“Not that I speak in regard to need, for I have learned in whatever state I am, to be content”
Having expressed his appreciation for the Philippian’s financial support, Paul now introduced a caveat. He was afraid that they would think that his appreciation for their gift of money (v. 10) was a left-handed dun for more money.
“Not that I speak in regard to need”
He did not want the Philippians to think that their gift was the source of his satisfaction. Although Paul was destitute in jail, money was not his primary concern. The word “need” means to come short—hence, being in want. He had learned to be content, no matter what his circumstances might be. Paul wanted to dispel any thought that the Philippians’ delayed gift imposed any disruption of his soul.
Paul was not parlaying a subtle insinuation that they should send another gift. Paul was no panhandler: “Not that I seek for the gift” (v.17). He did not want them to construe that he was asking for more money. He was trying to establish the principle that he was independent of external circumstances.
“for I have learned”
Contentment is not something that comes naturally. In his early years, Paul grew up in the lap of luxury. At that time, he had not learned contentment. At this point in his life, he was needy, yet he was content. Paul had to “learn” this virtue. He decidedly came to grips with this lesson (aorist tense). At the point of learning this, he entered into a new condition of his soul: “I have come to learn contentment.” He did not always know contentment, even in his days of affluence.
“Contentment” is not automatic. Paul “learned” contentment in the School of Hard Knocks.
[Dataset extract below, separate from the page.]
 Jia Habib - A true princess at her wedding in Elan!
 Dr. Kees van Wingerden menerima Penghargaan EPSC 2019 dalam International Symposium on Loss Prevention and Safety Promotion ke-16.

Courses in that school are difficult. We think university is tough. It is not nearly as difficult as God’s Graduate School. Can we say with the Psalmist, “It is good for me that I have been afflicted” (119:71)?
“in whatever state I am”
Paul was going through a mighty thin time. No matter what circumstance Paul faced, under any contingency, he was content. In this case, Paul needed food, clothing, and blankets. Even in this dire situation, he was independent of these things to fill his sense of satisfaction.
If we fill a bottle with coffee, we cannot fill it with milk simultaneously. One displaces the other. If we fill our lives with material things, we have no room for Jesus Christ. If we make riches our central goal, we cannot find satisfaction that comes from Jesus Christ.
Circumstances do not need to determine our state of mind.
Our state of mind can be content if we learn that our source of satisfaction is Jesus Christ.
Have you “learned” contentment? Do you expect contentment to come automatically? This is a hard lesson to learn in life. It will not come if we flunk God’s school of financial setback. As long as we seek security in money, we will fail. God wants us to learn the lesson that security in found in Jesus Christ. We cannot go to school to learn this lesson. No textbook will teach us how to be content. We learn the lesson in the hard knocks of life.
The prevailing philosophy of our day is that the more things we have, the more life we have. Life is not made up of gadgets. Some of the most unhappy people in the world are wealthy celebrities who do not have a life. They are fabulously rich but miserable. Fame and fortune do not equate to contentment. If we put these things as the core of our contentment, we will never reach a sense of satisfaction.